Liam Hogan Profile picture
Librarian & Historian. Researching Slavery - Memory - Power. Now posting on Bluesky https://t.co/m1br1HA8vY

Nov 5, 2022, 15 tweets

Thanks to everyone for their kind words. I wish this wasn’t happening but the choice has been made for us. We were sold out and I now refuse to countenance giving this Musk-poisoned company my free labour/content. Let’s all catch up over on Mastodon.

You can find me here. I spent the day on it yesterday. Took a while to get the hang of it but it was a lovely experience. Join us. mastodon.ie/@Limerick1914

Some further thoughts on my Mastodon experience: it has made me step back and reevaluate how social media should operate. We built entire communities on here but were ultimately treated like a product for trade. It does not have to be like this.

We should demand that our social media platforms reflect and serve their communities rather than exploit them. Currently billion dollar tech companies engage a suite of psychological and algorithmic techniques to manipulate what we see in our feeds to boost advertising metrics.

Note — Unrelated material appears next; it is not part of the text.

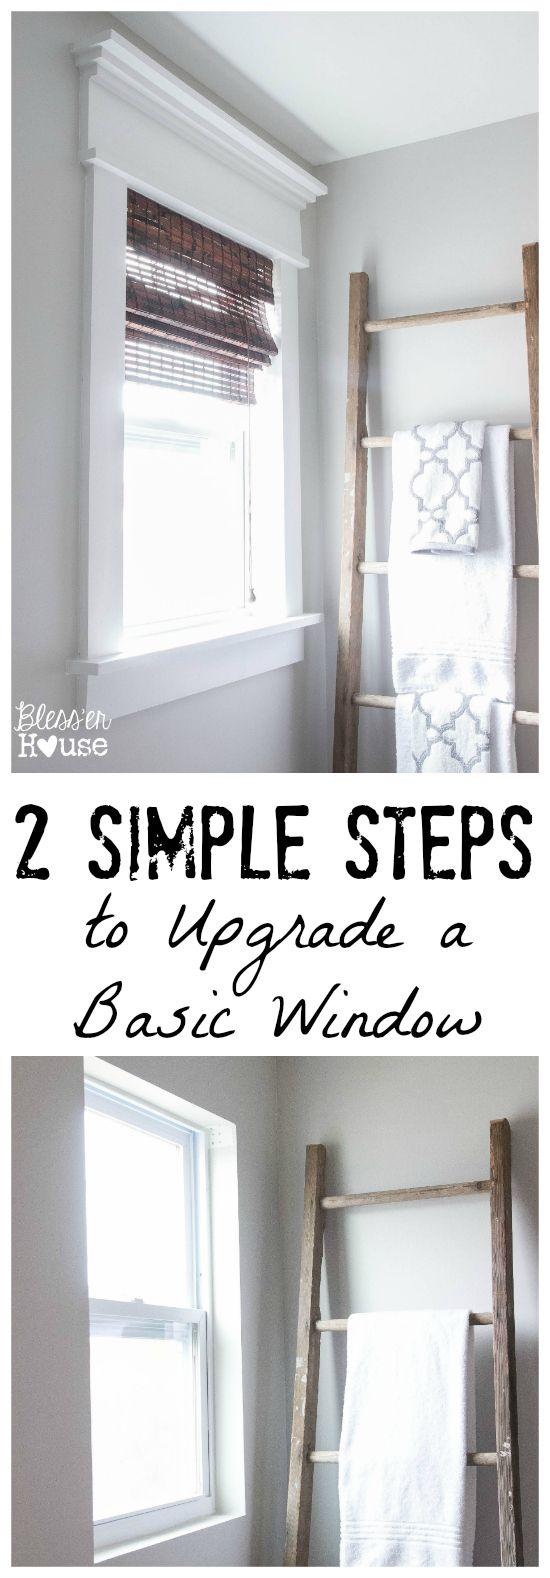 Kitchen window ledge   simple steps to upgrade a basic window  window master bathrooms

Mastodon is not a panacea but it is a non-profit, ad-less, localised and federated social media platform. ‘instances’ are administrated and moderated by volunteers. When the #twitterexodus started yesterday the Irish instance I joined (mastodon.ie) was overwhelmed.

The admins reacted quickly, opened an open collective financial contribution page (opencollective.com/mastodonie) and within a couple of hours they had raised enough funds to upgrade the server and sustain functionality and speed.

And everyone who contributed is now a stakeholder. Because I think we see the potential for a better way to do this. And that community is growing. I also appreciate that Mastodon has decided on a really interesting ‘viral dampening’ approach to their UI design.

Twitter has become more and more like a type of outrage engine. In Mastodon there are no quote tweets, the oxygen of the pile-on. The metrics of reshares/likes are also dampened so that they are not prominent at all beneath a post in your feed. It’s a very different place.

Remember Google Fusion Tables? I spent many months building digital humanities resources around it. One was a WW1 map that identified the final resting place of the over 1,000 people from Limerick who lost their lives in that conflict.

The other was a resource that mapped the sites of Collective Punishment of African American communities in the U.S. Many other historians built fantastic resources using it as a way to visually and spatially educate about the past. It was accessible and effective.

Then in 2019 Google erased this product. Just gone forever. I realised that these billion dollar tech companies are the antithesis of libraries, cultural institutions and the open source movement.

They see culture, and our free labour in using their (temporary) tools, as instantly and permanently disposable ephemera to attract attention for the purpose of advertising. All that power and wealth put to use to fulfil such an empty mission.

I think I also forget just how much work it took to make Twitter a bearable place to be. I ended up blocking something like 55,000 different accounts, received death threats, constant trolling, spam, &c. I can only imagine what it has been like for minorities.

It took years for any semblance of meaningful and consistent moderation to exist. It was in essence a libertarian website that had to dragged kicking towards reform.

We have invested so much effort over the years for it to be useful and now it is being torn apart heedlessly at pace because a dull reactionary with money is unhappy.